Thursday, September 15, 2011

About that plug-in automobile ...

David Cohen is a classmate, an engineer, and a writer on energy topics. Here is his take on the Nissan Leaf, Chevy Volt, and other super-green plug-in vehicles:

Our government is embarked on a mission to support the development and production of rechargeable electric vehicles. The reason for this support is to place vehicles on the street that produce no carbon dioxide (CO2) emissions and other exhaust pollutants and greenhouse gases in the air of our city streets.

On the surface we can see and understand the desire to minimize the release of carbon products into the earth's atmosphere. However few people in our society seem to realize that at the present time this is a serious mistake. The cost in money and fossil energy actually exceeds that of a vehicle powered by an internal combustion (IC) engine.
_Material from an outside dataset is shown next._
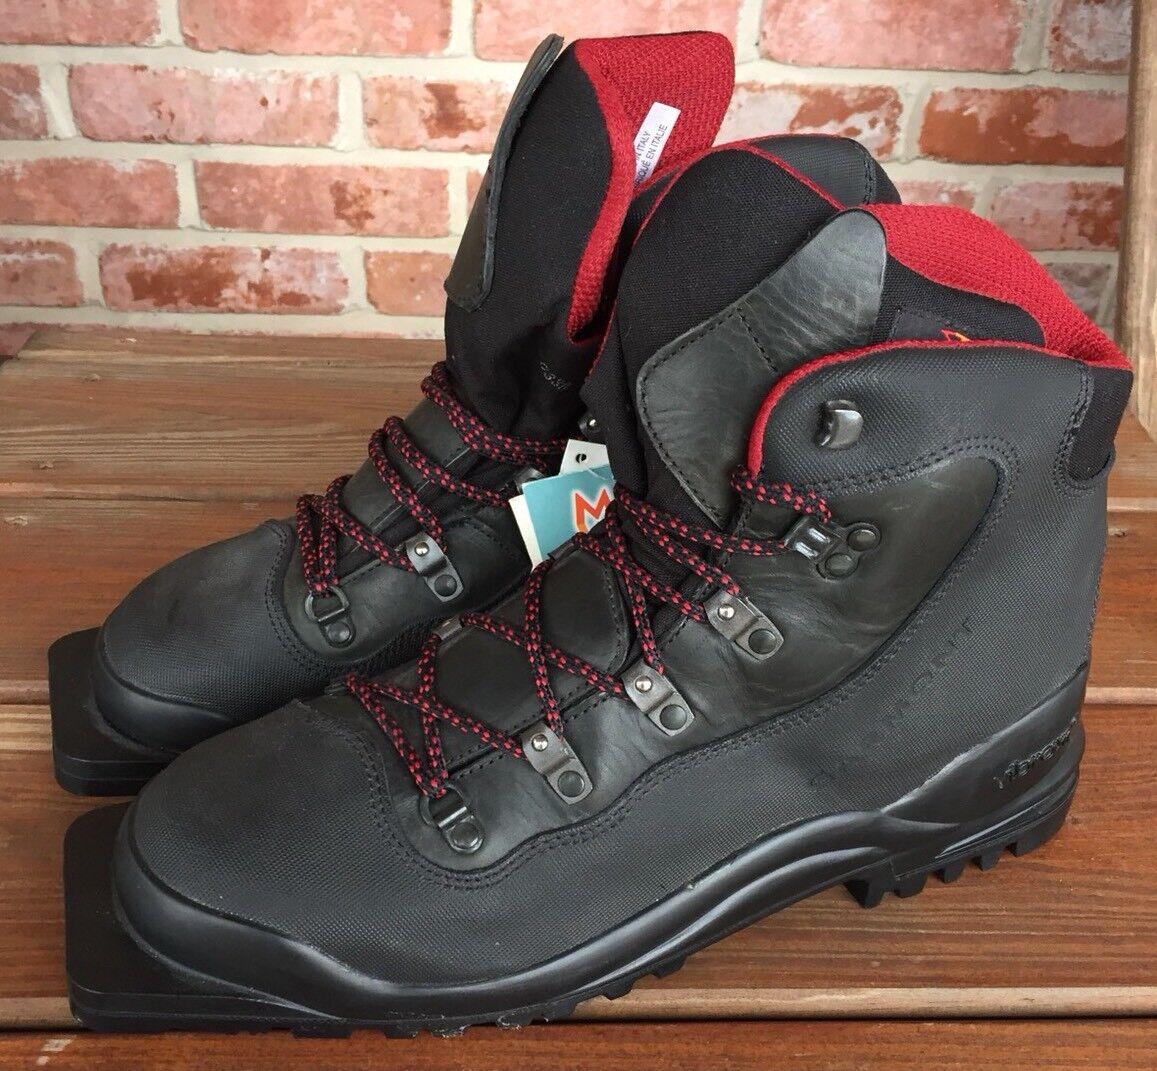 NWOB Garmont Mens Waterproof Gore Tex Tex Tex Hiking Ski Stiefel Vibram Größe 10  b9f07c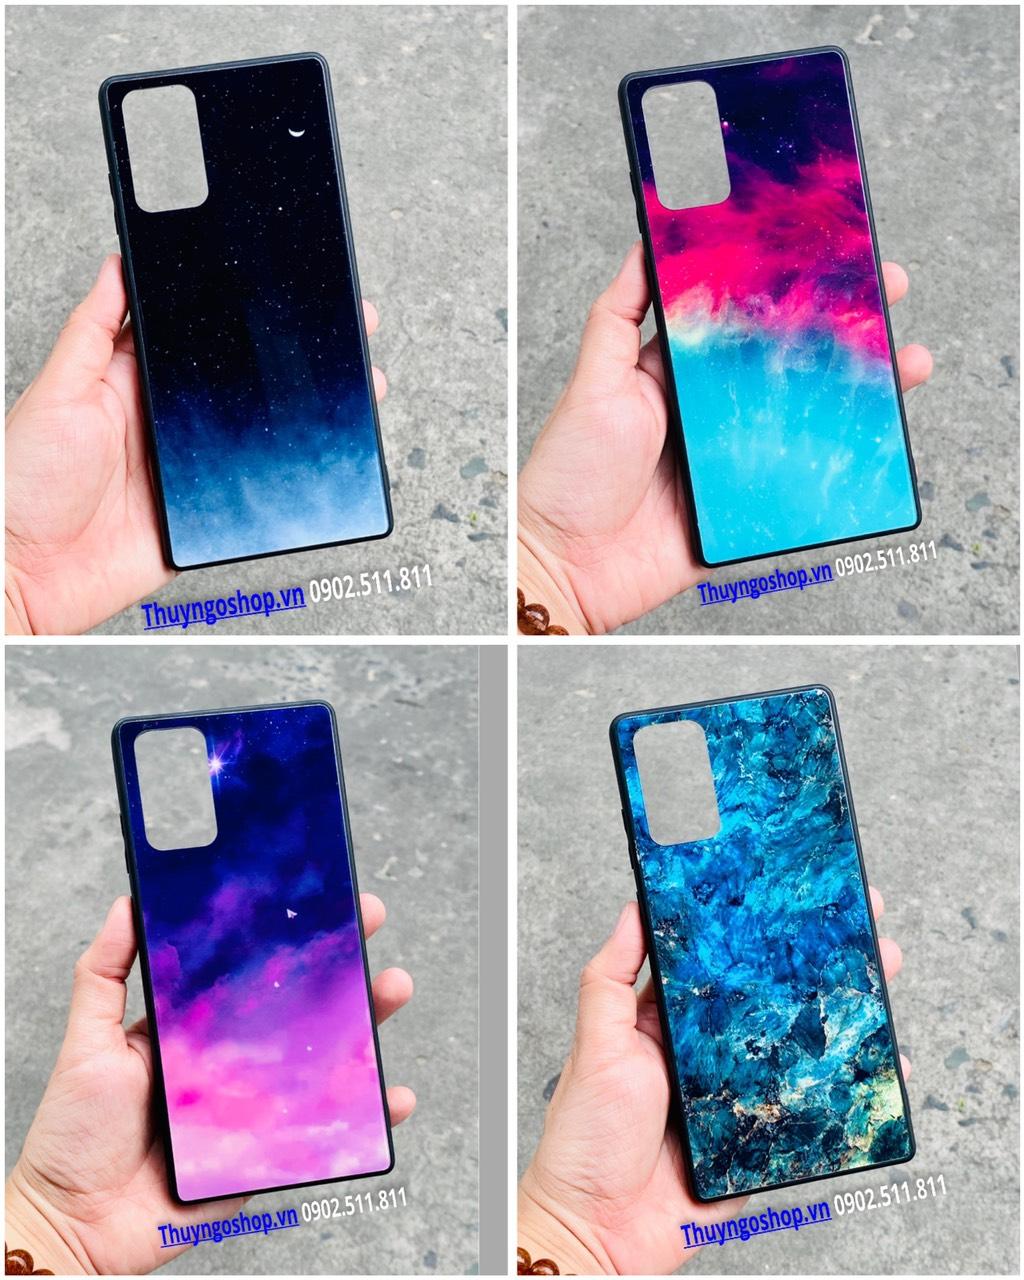 Ốp lưng kính màu loang Samsung Note20 - Note02 Plus - Note10 - Note10 Plus - S20 Ultra - S20 Plus - S10 Plus

In addition, the greenhouse gas release and CO2 emission also exceeds that of a normal IC
engine.

What is going on here? How is that possible?

The answer is simple and is obvious to those who know where our electricity comes from. 50% of our electric power originates in power plants fueled by coal. Another 20% is derived from the combustion of natural gas. Up to 3% is derived from burning fuel oil.

Only about 27% of our electric power typically comes from green or carbon free [i.e., nuclear] sources. In fact our electric grid is responsible for more greenhouse gas and carbon emissions than our entire fleet of fuel burning vehicles.

This simply means that we will increase atmospheric pollutants and carbon bearing products into the atmosphere instead of reducing them for every rechargeable electric vehicle that is placed on the road....

Will rechargeable electric vehicles ever be a good idea? Yes indeed, but it requires a green energy source. That is in the far distant future. At present our transportation fleet can save green house gas by raising efficiency and not tapping into our electric grid. Hybrid vehicle technology is our best hope for the near future. The all-electric vehicle may become attractive 50 to 100 years into the future if our power grid becomes 2 to 4 times larger than it is at present, and consumption of fossil fuel at the power source becomes significantly reduced below its current level.

There is currently one other potential flaw in the rechargeable electric vehicle idea. That flaw is grid capacity. Our electric grid is nowhere near big enough to support tens or hundreds of thousands of electric vehicles that may be recharging every night.

The electric vehicle potential must be guided by a professional systems engineering team that will control the growth of this idea to meet our needs as a society. We should not delude ourselves into believing that this is an idea whose time has now come. It hasn't.
Blue skies! -- Dan Ford

3 Comments:

At 8:41 PM, Anonymous Anonymous said...

According to the media, an electric car requires about 8 hours to recharge enough to travel approximately 40 miles (+/-20). What has so far escaped me is the actual amount and cost of electical energy (1 kwh=3.6 million joules) stored in the battery bank, compared to the amount and cost of a similar amount of energy delivered by a standard IC engine. Delivery to the outlet in your house entails enormous fractional losses from generation and transmission, from the coal. Not only is CO2 vastly increased, but the grid could not handle the increased loads. And most people would be recharging at night, when solar and wind "green" power is at a minimum, meaning backup generation would be maximally strained.
Topnife

 
At 6:43 AM, Blogger Daniel Ford said...

As to the last point, isn't it true that electricity demand goes down at night? I think that was the idea behind pumped-storage facilities such as one I saw in New Jersey, where power from a nuclear plant pumped water uphill at night, so it could run downhill and run a hydro generator during peak power in the afternoons. When we have power cuts here in New Hampshire, they are generally on hot summer afternoons. Blue skies! -- Dan Ford

 
At 12:05 PM, Blogger Unknown said...

Couple comments, as I've been driving an electric car for nearly ten years. Recharge rates depend on the input voltage: higher voltage systems charge faster. Toyota's Rav4EV (2002) uses a 300 volt system which charges the equivalent of 20 miles per hour. I'd guess your "according to the media" number would refer to trickle chargers which use household current, rather than your standard garage-installed system. EVEN BURNING COAL, we generate less pollution than most cars burning petroleum. The benefit, of course, is that we don't have to: with my increased electricity bill, I found Solar Energy to be economical. As for the grid, your observation is correct, the grid is underutilized at night: usage graphs tend to peak with air-conditioner usage in mid-afternoons. As long as charging is shifted away from peak periods, (easily done through time-of-use pricing!) the grid will not have a problem. Sure... if 100's of millions of cars convert to electric by the end of the year we may have a grid problem, but I think that's not a useful thing to worry about.